这两位前辈看起来性情温和,没有半点元婴真君的架子,实在难得。
叶拾颜又问,“当年与我们同辈的那些弟子,如今还有多少人在?”
陈元真一怔,随即苦笑,“回前辈,两百余年过去,与两位前辈同辈的弟子,没有进阶金丹期的,大多已经……坐化了,还在世的,不过寥寥数人,饶是延寿有数,也已年迈,修为停滞在筑基期,不问世事多年。”
叶拾颜沉默了一息,微微点头,并不意外。
修真之路,本就是大浪淘沙。
能走到最后的,永远是少数。
他本想询问关破天师兄,不过那届大比后,听闻他去了镇岳山家,想必面前掌门应该也是不知。
他顿了顿,又问道,“那……越殿主呢?”
陈元真的神色微微一凝。
“越殿主……”他斟酌着措辞,“前辈说的,可是当年掌管内门事务的越正越殿主?”
叶拾颜点头。
陈元真沉默了片刻,轻声道,“回前辈,越殿主……已于数十年前坐化了。”
叶拾颜眸光微凝,没有说话。
叶云塘负手而立,神色依旧平静,但那双沉静如水的眼眸里,似乎有什么东西微微一沉。
陈元真见状,连忙将所知的情况一一道来。
越正,当年灵玄宗内务殿殿主,金丹后期修为。
叶云塘曾在宗门小比中表现绝佳,越殿主想要收他为徒,结果叶云塘在宗门大比中夺魁,被月璃仙子看中,越殿主只好放弃收徒,不想耽误他们的前途。
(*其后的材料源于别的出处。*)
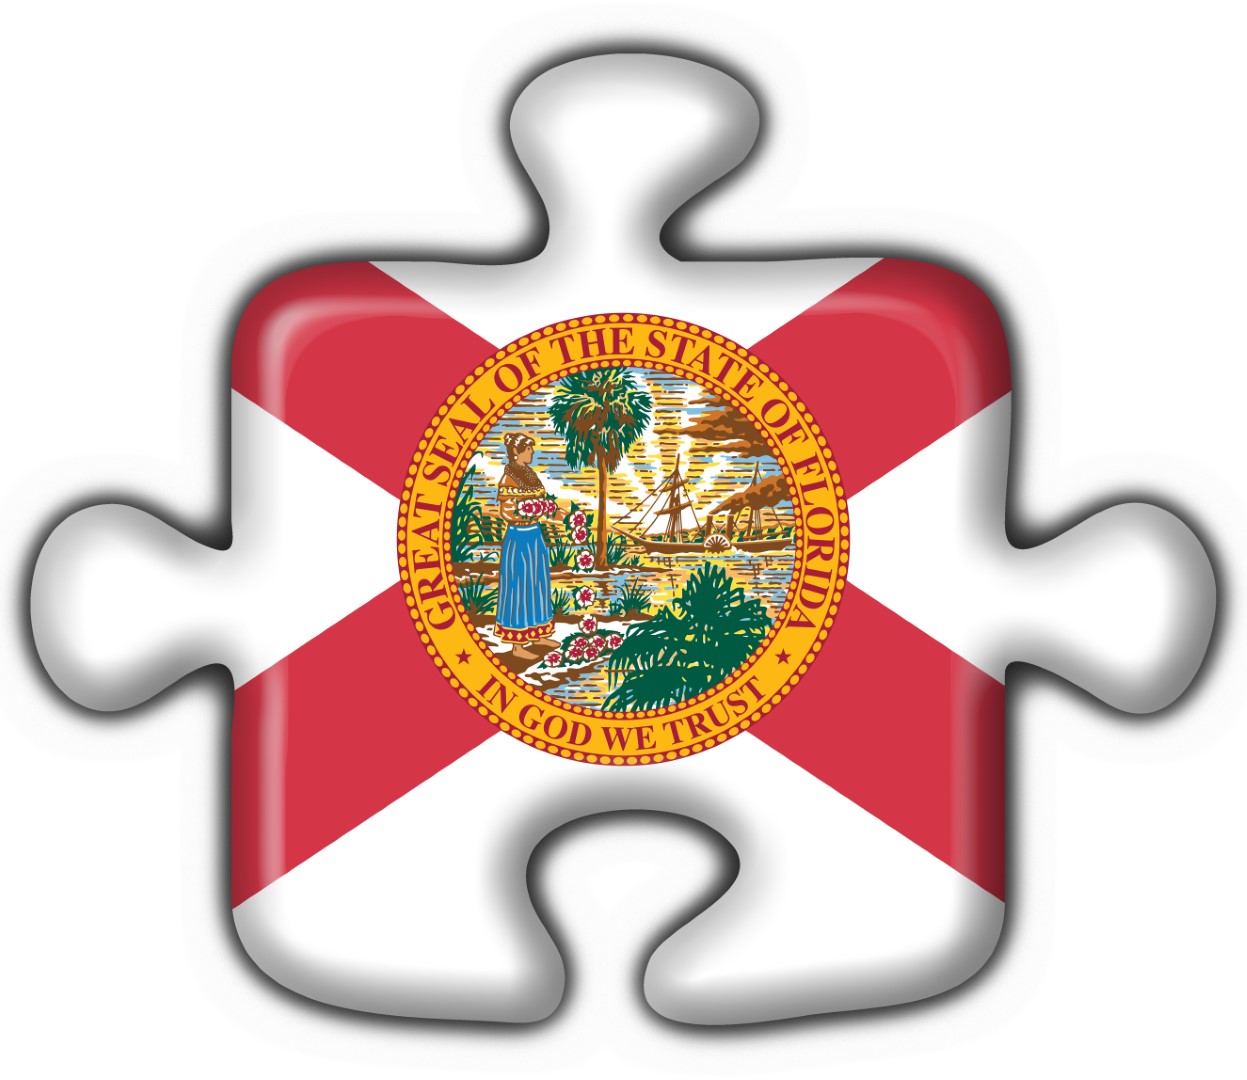 Florida (USA State) button flag puzzle shape
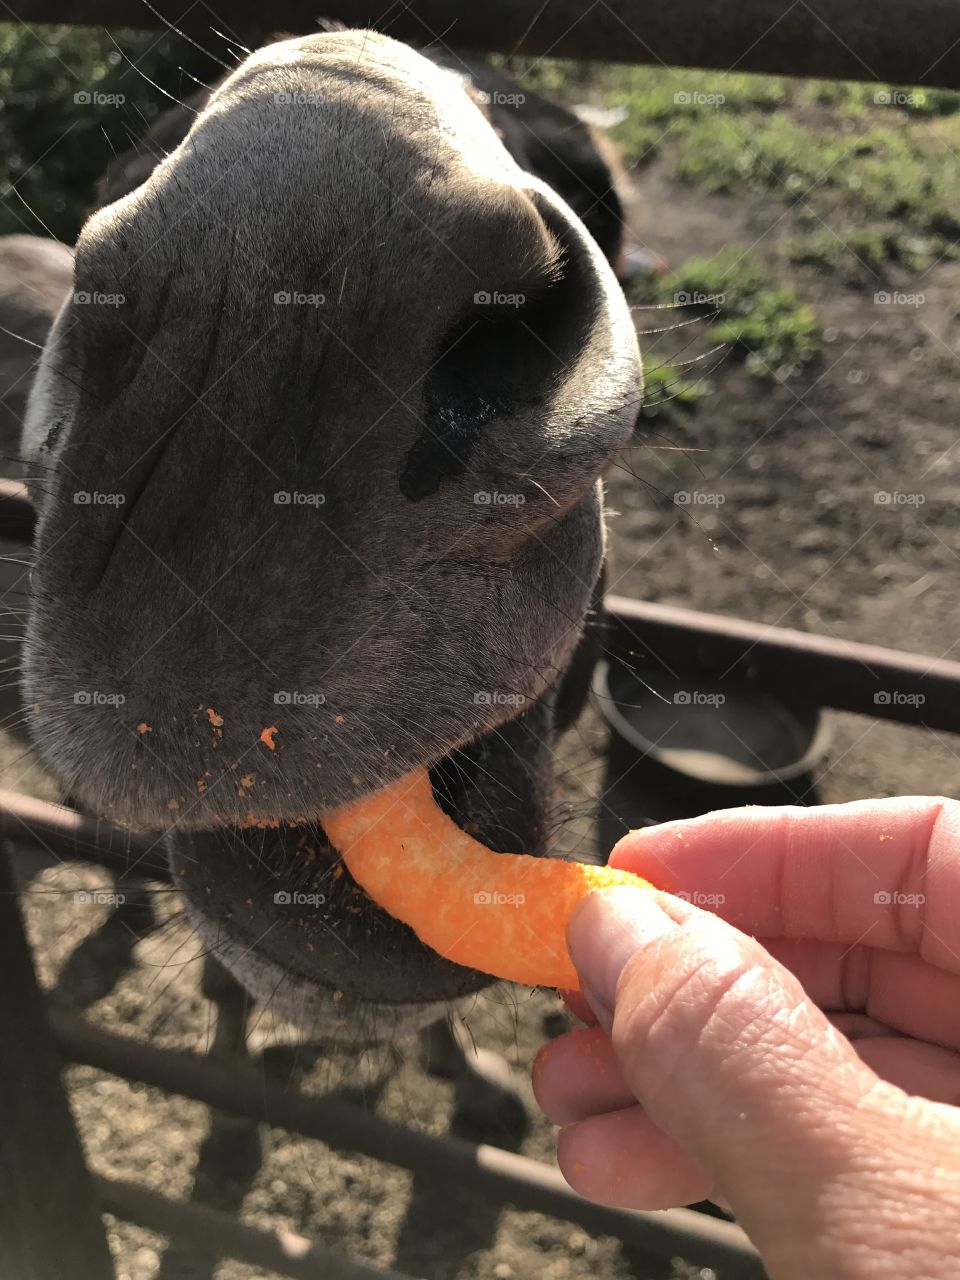 Donkeys like Cheetos too!

不过当年虽未收二人为徒,但也指点过几次,算是两人在灵玄宗为数不多有过交集的故人。
虽未正式拜师,但那份照顾,两人都记在心里。
“越殿主一生未曾收徒,”陈元真道,“他出身寒微,并非修真家族,当年只是一名普通弟子,一步步走到殿主之位,坐化前,他唯一的后人,是一个曾孙辈的孩子,资质平平,只有三灵根,如今才炼气后期,越殿主担心自己走后,后人守不住他的遗物,便将其尽数托付给了几位信得过的故交,托他们照看后人。”
叶云塘听完,沉默良久。
虽未拜师,却有师徒之实。
如今,那人已化作一抔黄土。
叶拾颜也轻轻叹了口气,压下心中的怅惘,看向陈元真。
“越殿主的那个后人,如今在何处?”
陈元真道,“就在宗门内,炼气后期,平日里帮着打理一些事务。”
叶拾颜点了点头,沉吟了片刻,道,“陈掌门,我想带那孩子走。”
陈元真一怔。
叶拾颜继续道,“越殿主当年对我二人多有照拂,如今他虽已不在,这份情我们得还。那孩子既然资质平平,留在灵玄宗也难有作为,不如随我们去东玄大域。那里资源丰富,灵气浓郁,或有几分出头之日。”